Budget cuts don't threaten our security
Phil Poutre’s letter (Sept. 23, Daily Bee) makes it sound like budget cuts threaten our national security. That might sound scary if you don’t know actual facts in context of the national budget. The Budget Control Act (August 2011) agreed upon by the bi-lateral committee sets balanced reductions in all discretionary spending both military and non-military that will save about $1 trillion over the next 10 years. The Pentagon and White House proposed a military budget that saves about half that total (since military budget comprises about half of all discretionary spending). Can the military budget afford those reductions?
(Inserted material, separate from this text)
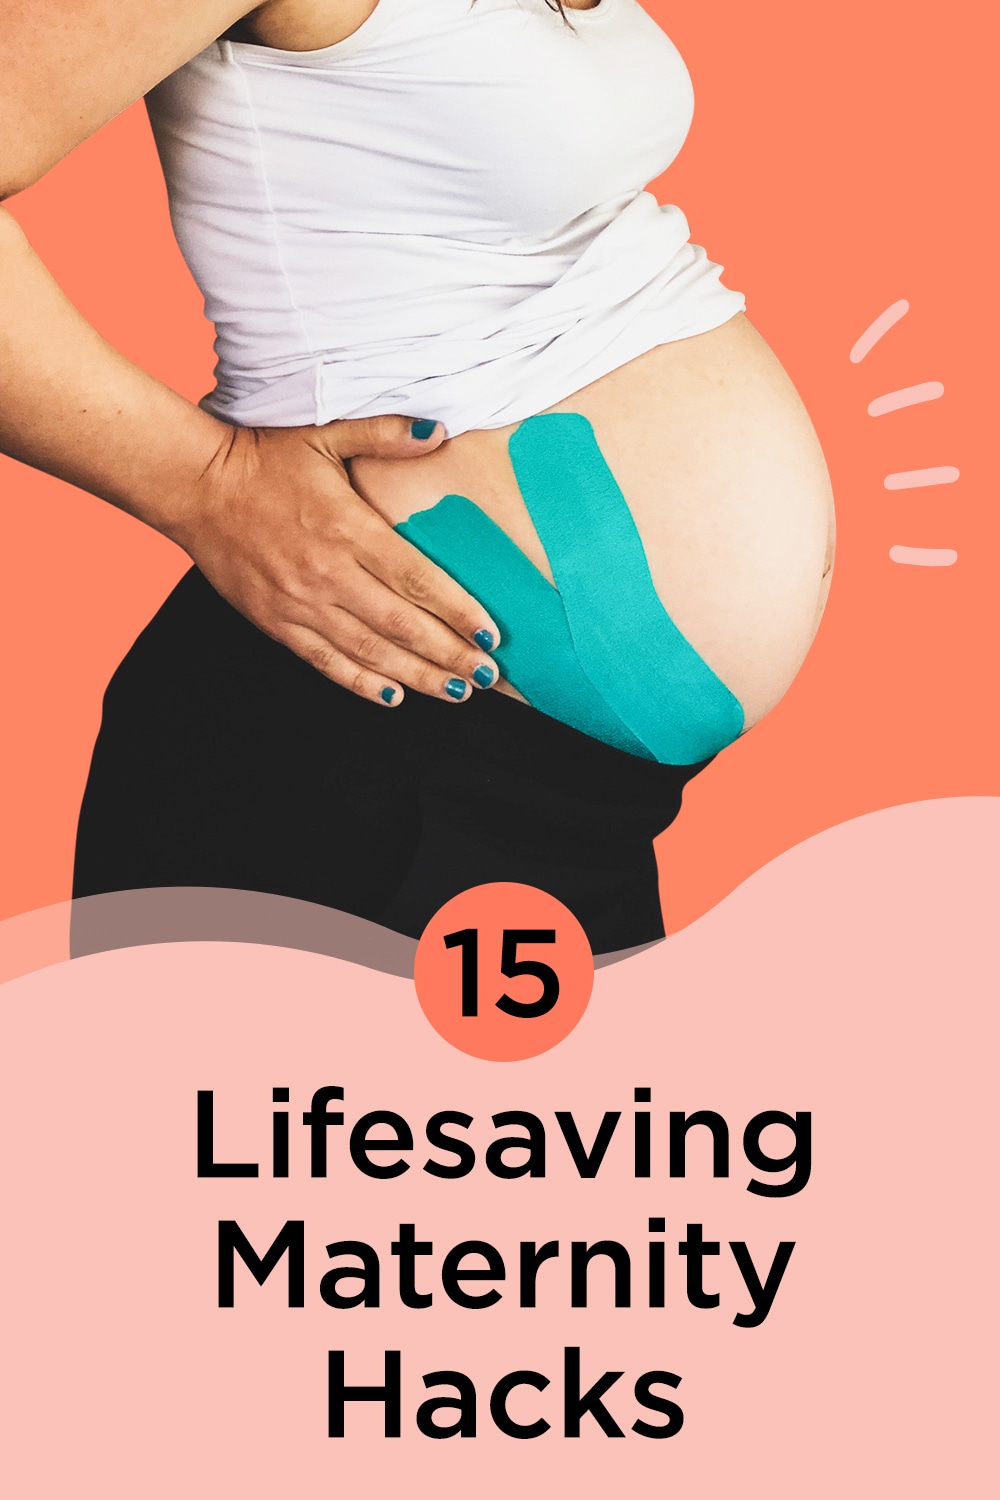 The ultimate pregnancy hack! Staying hydrated is a breeze with BellyBo

Yes indeed.
First, military spending more than doubled between 2001 (at $350 billion) and 2010 (at $700 billion). The proposed cuts, 1 trillion spread over the next 10 years only bring Pentagon spending back to the 2007 funding level, at the height of the Iraq war.
Second, the U.S. military budget is higher today in inflation adjusted terms than at any time in the last 60 years. The amount U.S. spends ($700 billion annually) is about seven times as much as China spends on its military. That $700 billion is about the same as the combined total military expenditures of China, Russia, England, France, Japan, plus the 20 next largest military countries, all combined. This is no national security risk.
The proposed balanced across the board cuts will drop U.S. military to $500 billion next year (that was our military budget in 2007) and let it increase back up to $700 billion again in 2021. If the Pentagon doesn’t pay its fair share to balance the budget, everything else from Head Start to Meals on Wheels, education, roads and infrastructure, medical research, etc. would have to be cut doubly.
I recommend contacting our congressional delegation and ask that the budget cuts be left as planned: balanced and across the board.